We hope that the federal government will consider the needs and use cases of the public when building or improving website search engines and data portals for accessing Web content.

Transparency about technical issues increases accountability and reduces public confusion and fear when changes are reported. Taking steps to communicate with the public is crucial, given the understandable concern that large numbers of scientists and citizens have regarding the future of scientific research and disclosure at the EPA and other agencies.

Categorized in:
Share This:
  • Jesse Biroscak

    Thanks, Toly and Andrew, for writing this (and to Greg J-D for sharing it with me). As a PM working on a new govt search experience, these questions in particular caught my eye:

    “How can a given search tool help the user access information that they knew about in advance of the search?”
    “How can it help a user discover new information in a useful way?”
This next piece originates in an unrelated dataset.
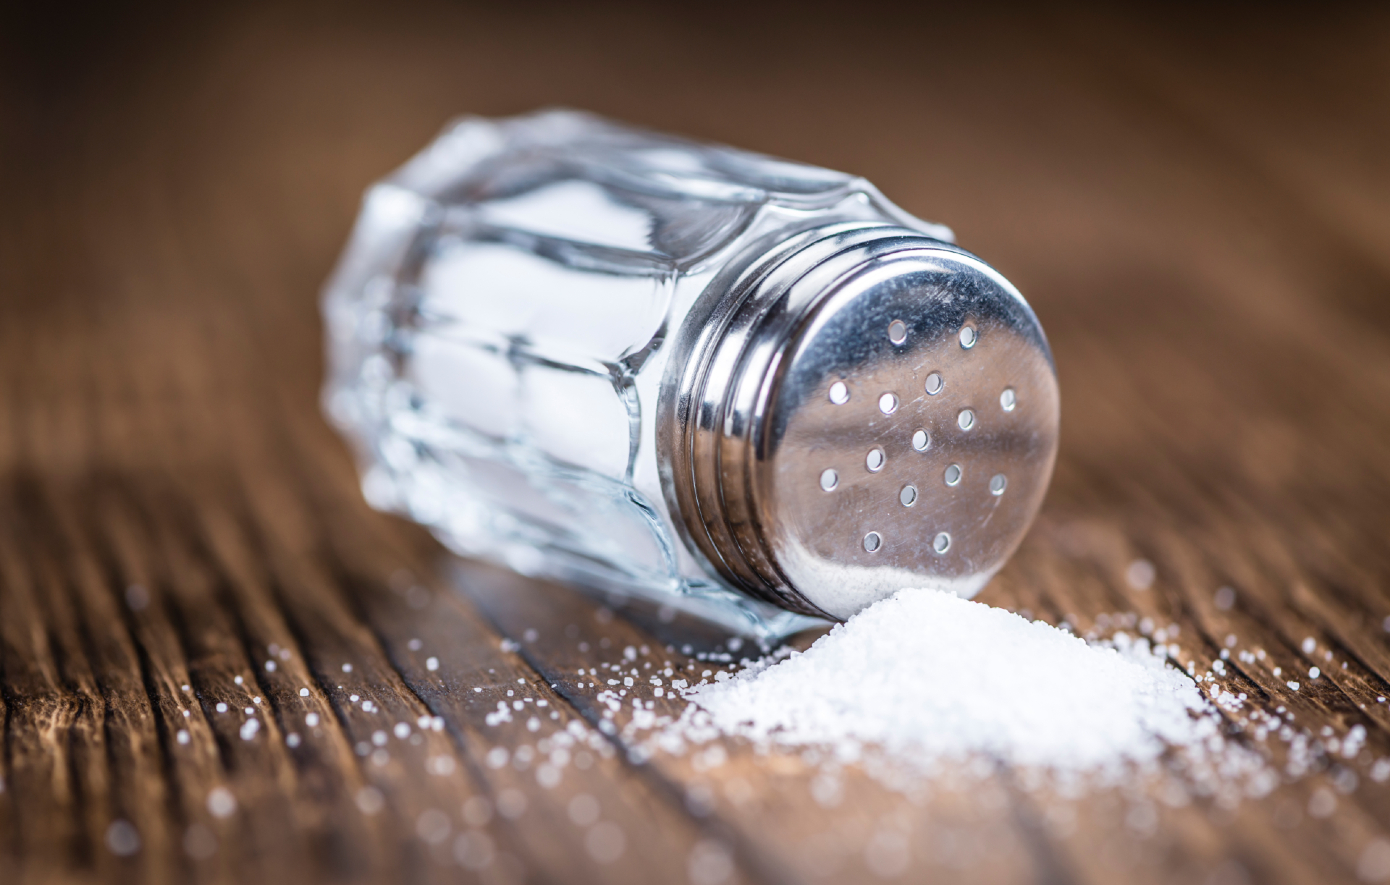 Πώς θα περιορίσετε το αλάτι, έναν από τους βασικούς ενόχους για τις καρδιακές παθήσεις

    Have you seen any examples (inside or outside govt) or parallel ideas that you liked?

    A couple questions for you, too:
    * Transparency around technical issues has confused the general public in my experience. They are often more concerned with getting the thing they want rather than why they can’t get it. Speculation on how the public (even technical publics) would want this information communicated? Seen anyone do it well?
    * How do you see documents / data surfaced vs page content being best surfaced for ease of access? Examples you like?